» **Task objective**
In the listing that follows, find the line with "Chocolate chip ice", then copy exactly from it through the line with "Romantic Engagement |", leaving out every picture.

» **Supplied information**
_ _ _ _ _

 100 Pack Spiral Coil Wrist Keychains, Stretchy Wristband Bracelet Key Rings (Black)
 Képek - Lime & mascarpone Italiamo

_ _ _ _ _

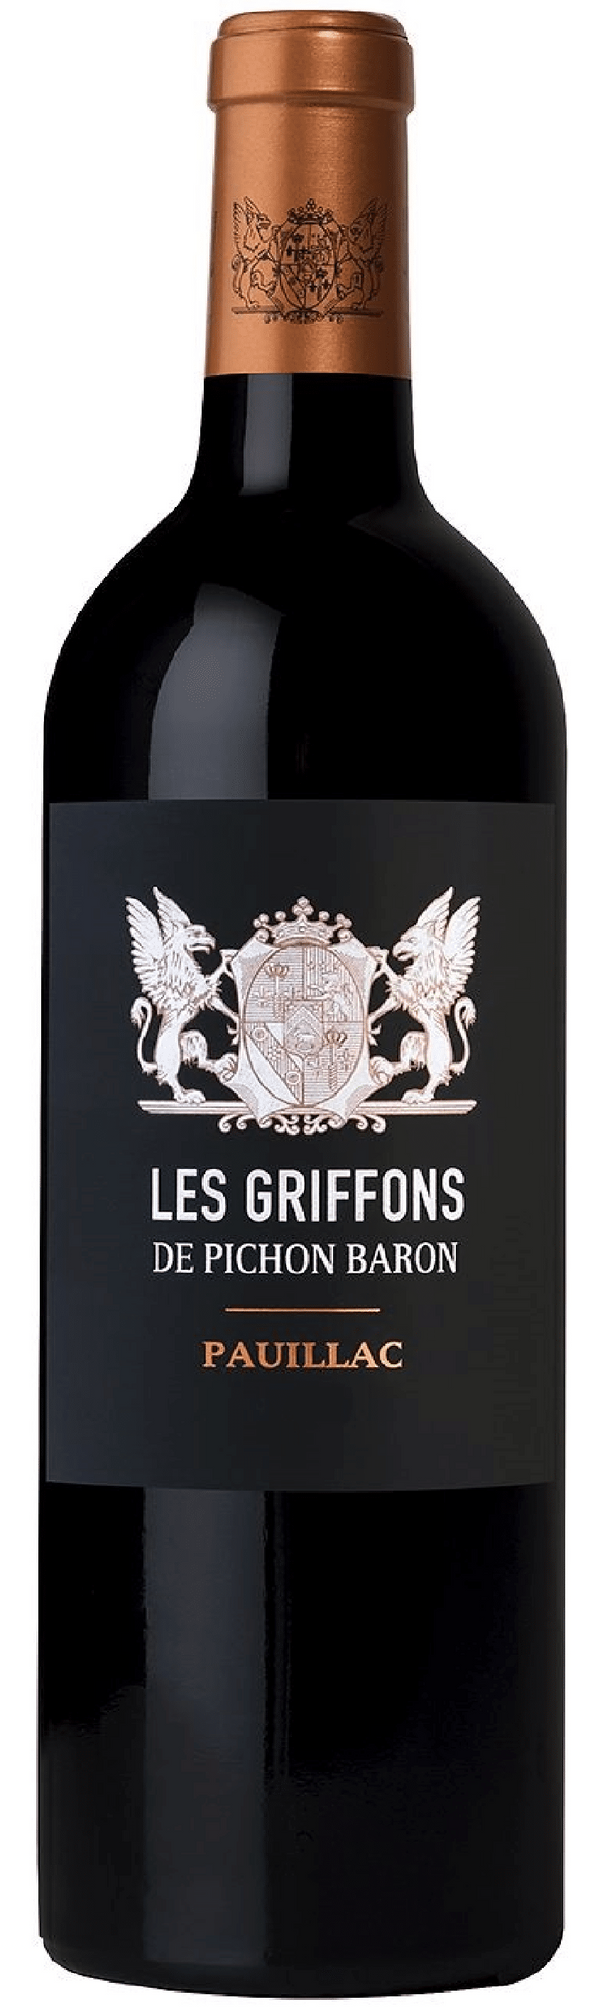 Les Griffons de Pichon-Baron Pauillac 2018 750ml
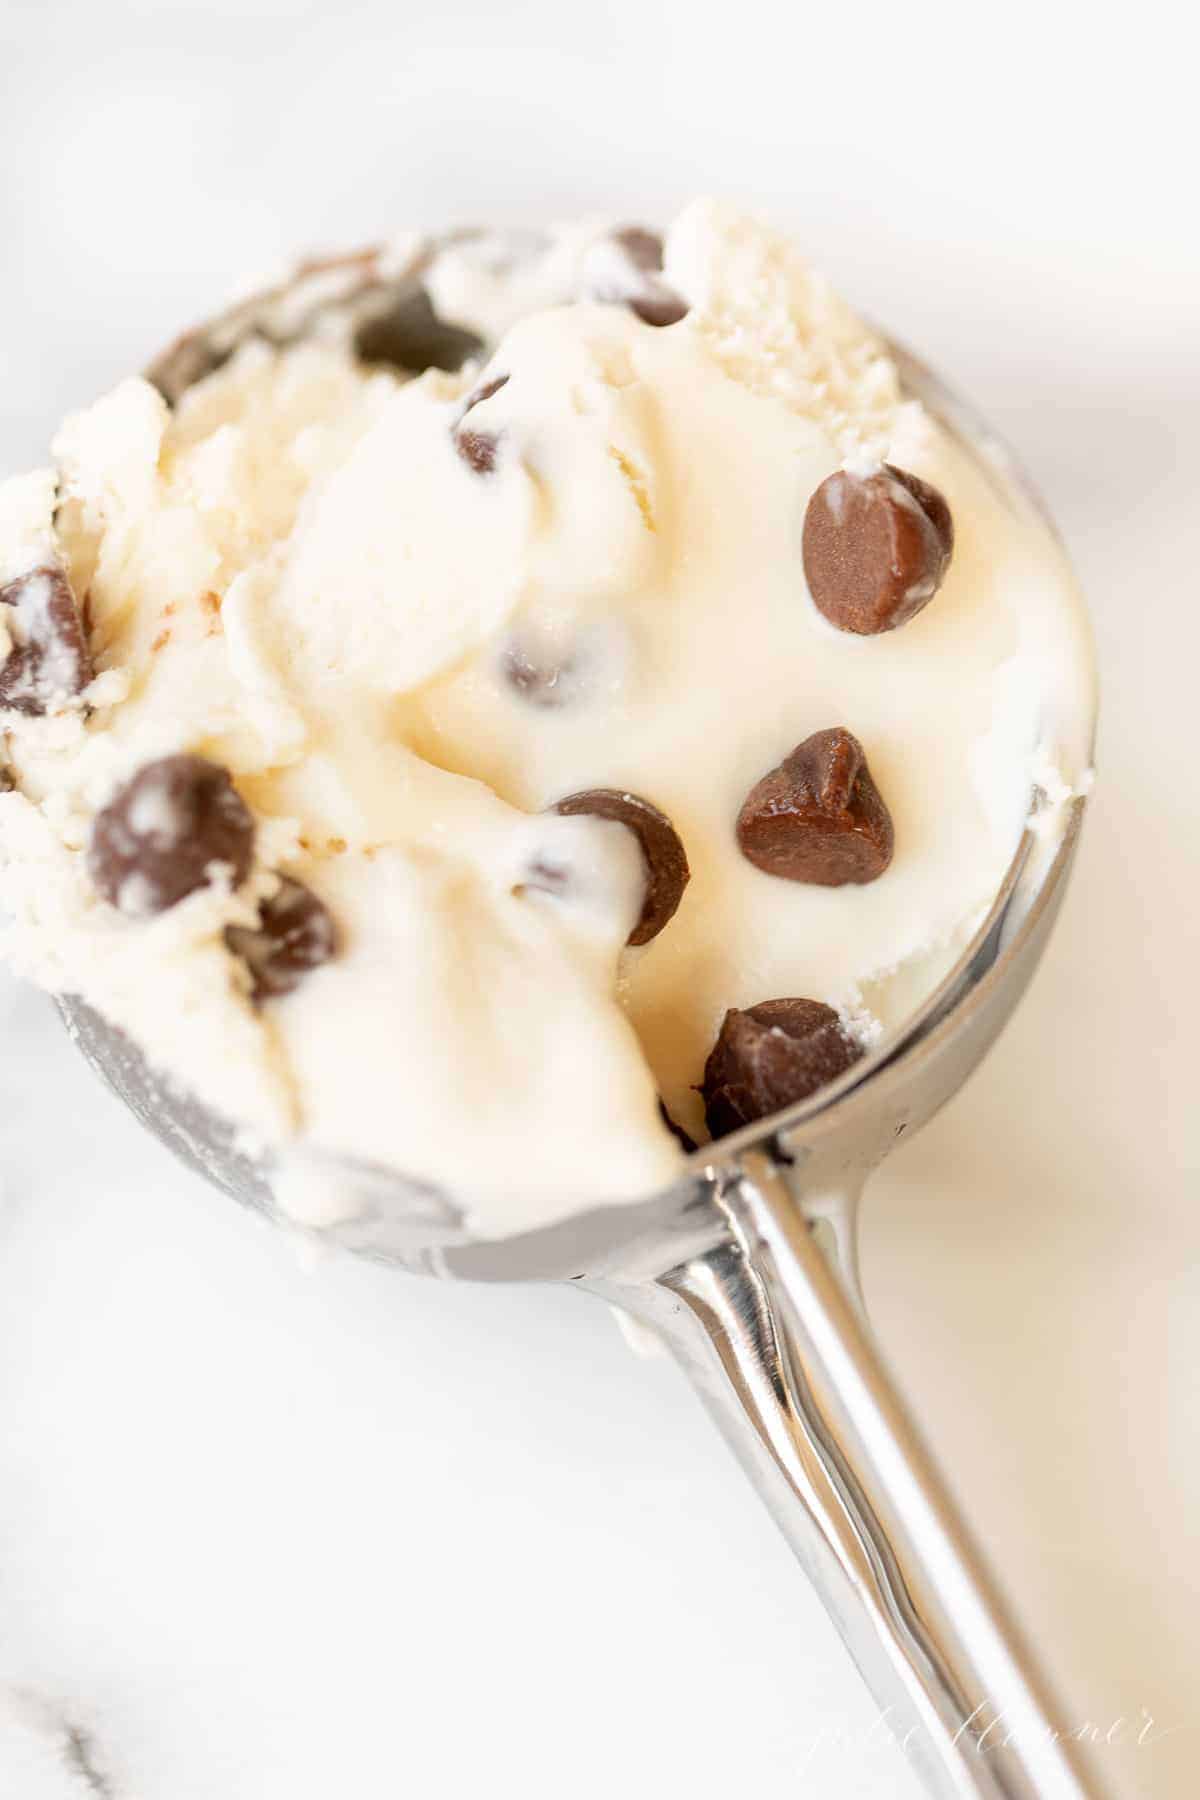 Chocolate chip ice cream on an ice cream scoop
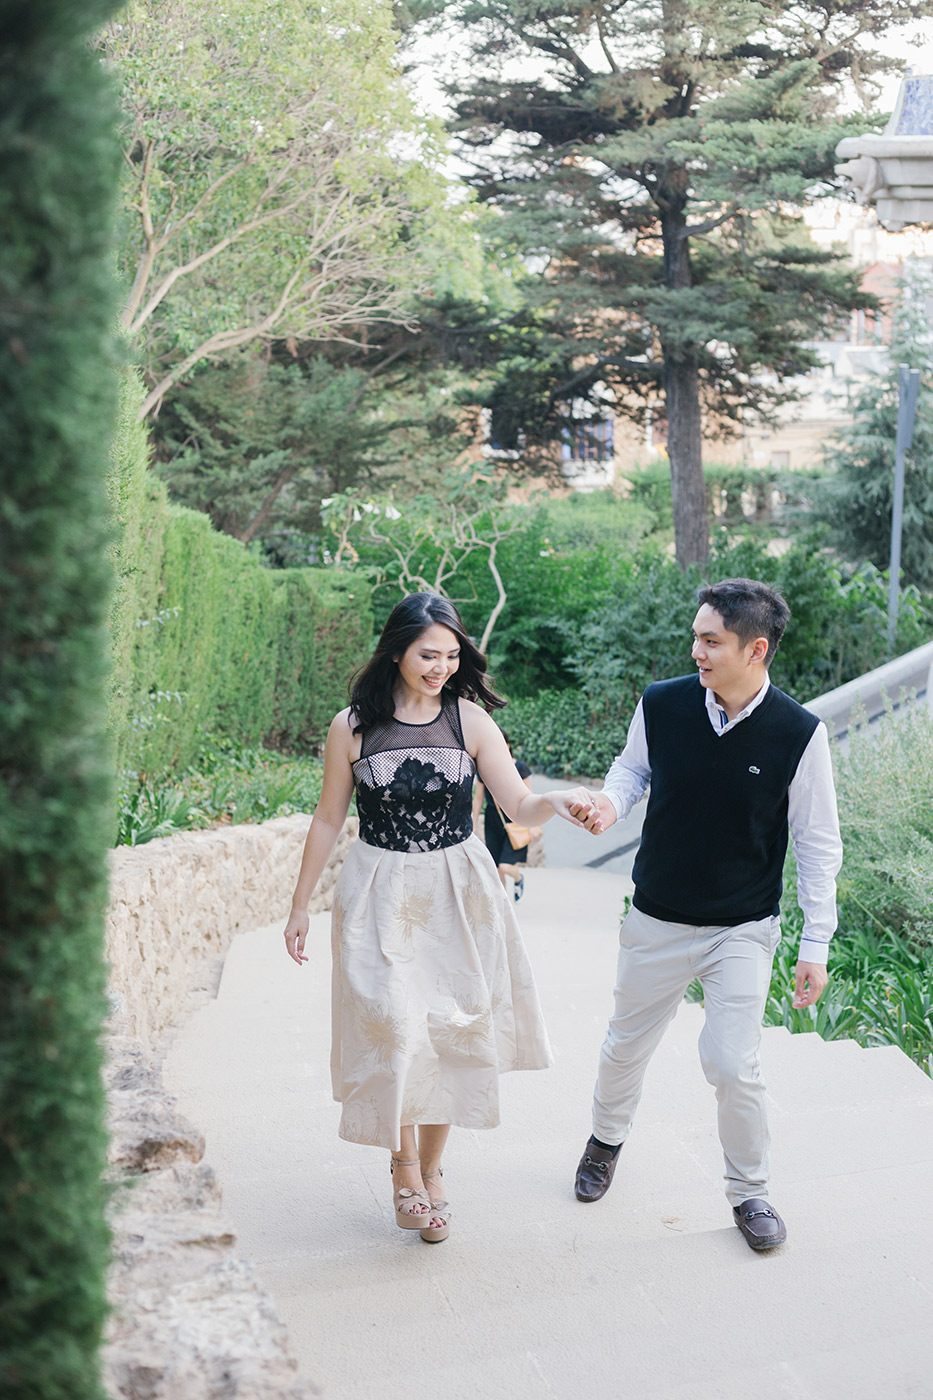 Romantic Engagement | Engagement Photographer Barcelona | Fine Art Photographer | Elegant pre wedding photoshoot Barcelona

_ _ _ _ _

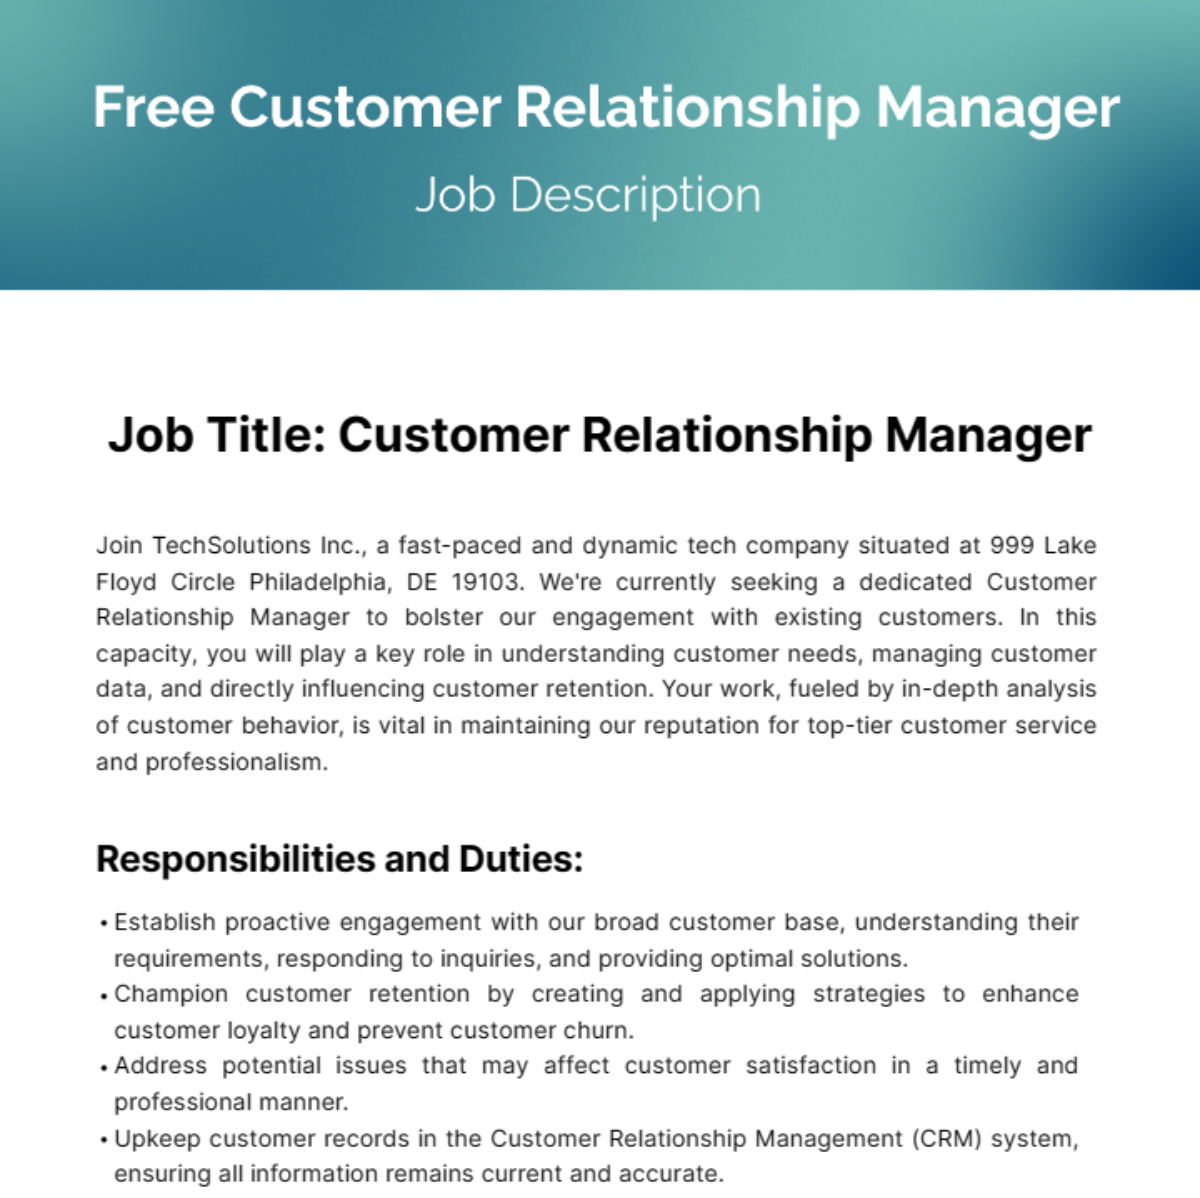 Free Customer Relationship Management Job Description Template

_ _ _ _ _

» **Expected answer**
 Chocolate chip ice cream on an ice cream scoop
 Romantic Engagement | Engagement Photographer Barcelona | Fine Art Photographer | Elegant pre wedding photoshoot Barcelona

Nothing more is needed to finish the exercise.